Personal information
- Nationality: Dutch
- Born: 22 August 1995 (age 30) Deventer
- Height: 184 cm (72 in)
- Weight: 76 kg (168 lb)
- Spike: 312 cm (123 in)
- Block: 302 cm (119 in)
- College / University: Rijksuniversiteit Groningen, University of Utrecht

Volleyball information
- Position: Position 4
- Current club: Sliedrecht Sport
- Number: 6

Career
| Years | Teams |
| 2015 | New Nexus Apps/Lycurgus |
| 2016 | G.S.V.V. Donitas |
| 2017, 2018, 2019, 2020 | Sliedrecht Sport |

National team
| 2015 | Netherlands |

= Fleur Savelkoel =

Dutch volleyball player (born 1995)

Fleur Savelkoel (born 22 August 1995) is a Dutch volleyball player, active in the highest Dutch volleyball League since 2012.

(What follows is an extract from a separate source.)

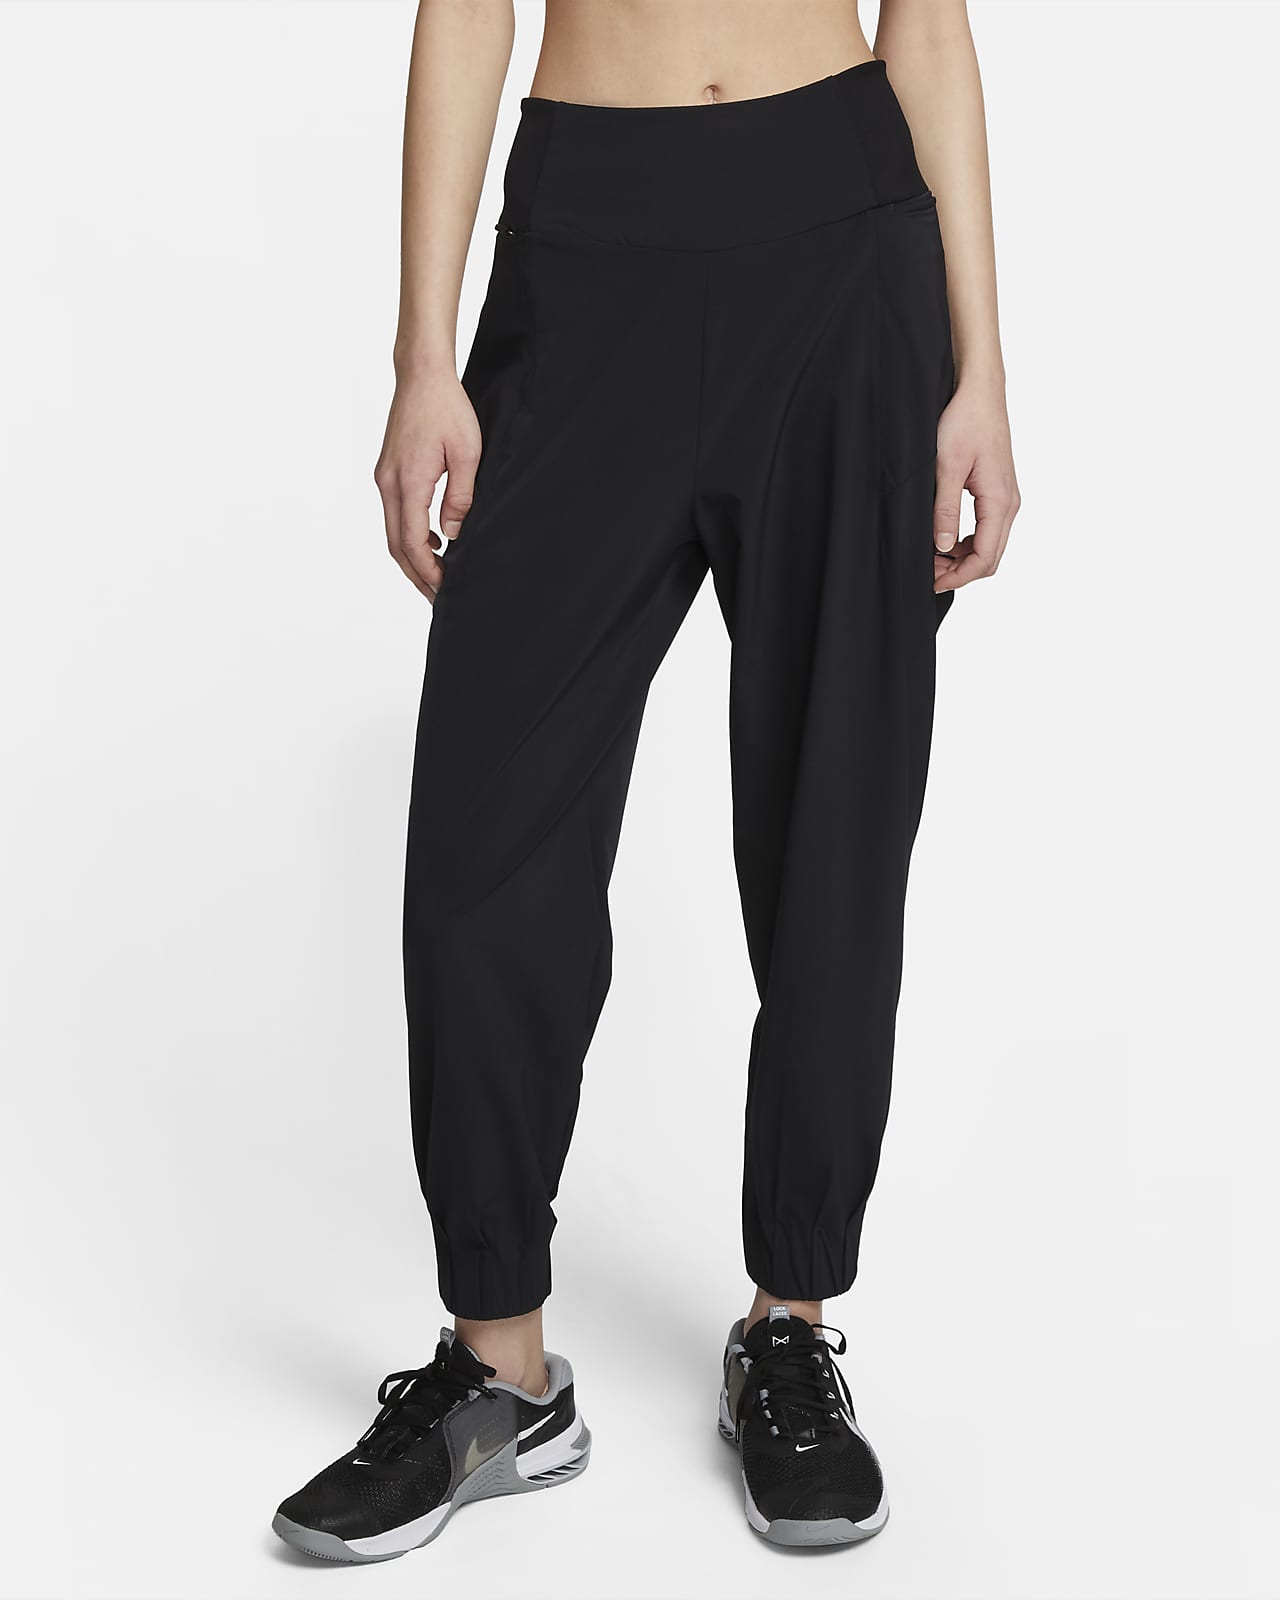 Nike Dri-FIT Bliss Women's High-Waisted 7/8 Trousers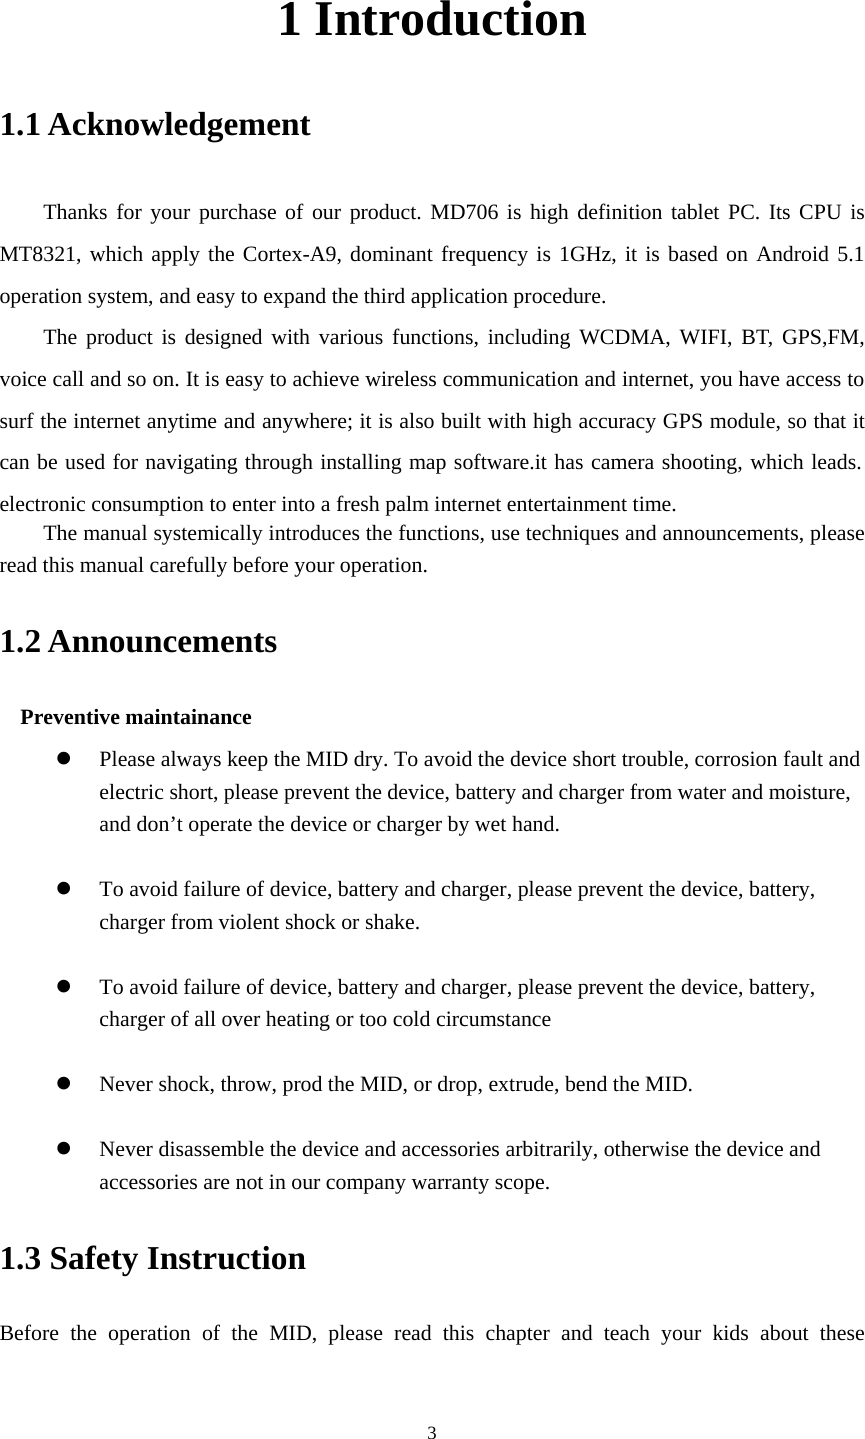     31 Introduction 1.1 Acknowledgement     Thanks for your purchase of our product. MD706 is high definition tablet PC. Its CPU is MT8321, which apply the Cortex-A9, dominant frequency is 1GHz, it is based on Android 5.1 operation system, and easy to expand the third application procedure. The product is designed with various functions, including WCDMA, WIFI, BT, GPS,FM, voice call and so on. It is easy to achieve wireless communication and internet, you have access to surf the internet anytime and anywhere; it is also built with high accuracy GPS module, so that it can be used for navigating through installing map software.it has camera shooting, which leads. electronic consumption to enter into a fresh palm internet entertainment time.   The manual systemically introduces the functions, use techniques and announcements, please read this manual carefully before your operation. 1.2 Announcements   Preventive maintainance   z Please always keep the MID dry. To avoid the device short trouble, corrosion fault and electric short, please prevent the device, battery and charger from water and moisture, and don’t operate the device or charger by wet hand.    z To avoid failure of device, battery and charger, please prevent the device, battery, charger from violent shock or shake.  z To avoid failure of device, battery and charger, please prevent the device, battery, charger of all over heating or too cold circumstance  z Never shock, throw, prod the MID, or drop, extrude, bend the MID.  z Never disassemble the device and accessories arbitrarily, otherwise the device and accessories are not in our company warranty scope. 1.3 Safety Instruction     Before the operation of the MID, please read this chapter and teach your kids about these

On club level she played for New Nexus Apps/Lycurgus in 2015, GSVV Donitas in 2016, and is currently playing at three times national championship winner Sliedrecht Sport. With Sliedrecht Sport, she also reached the national cupfinals 4 times in a row, of which they won the last 3 editions. Besides that, Sliedrecht managed to win the ‘Supercup’ in 2017, 2018 and 2019.

With her current club, Savelkoel participated in European competitions in 2017 (Championsleague & CEV Cup), 2018 (Championsleague & CEV Cup) and 2019 (CEV Cup).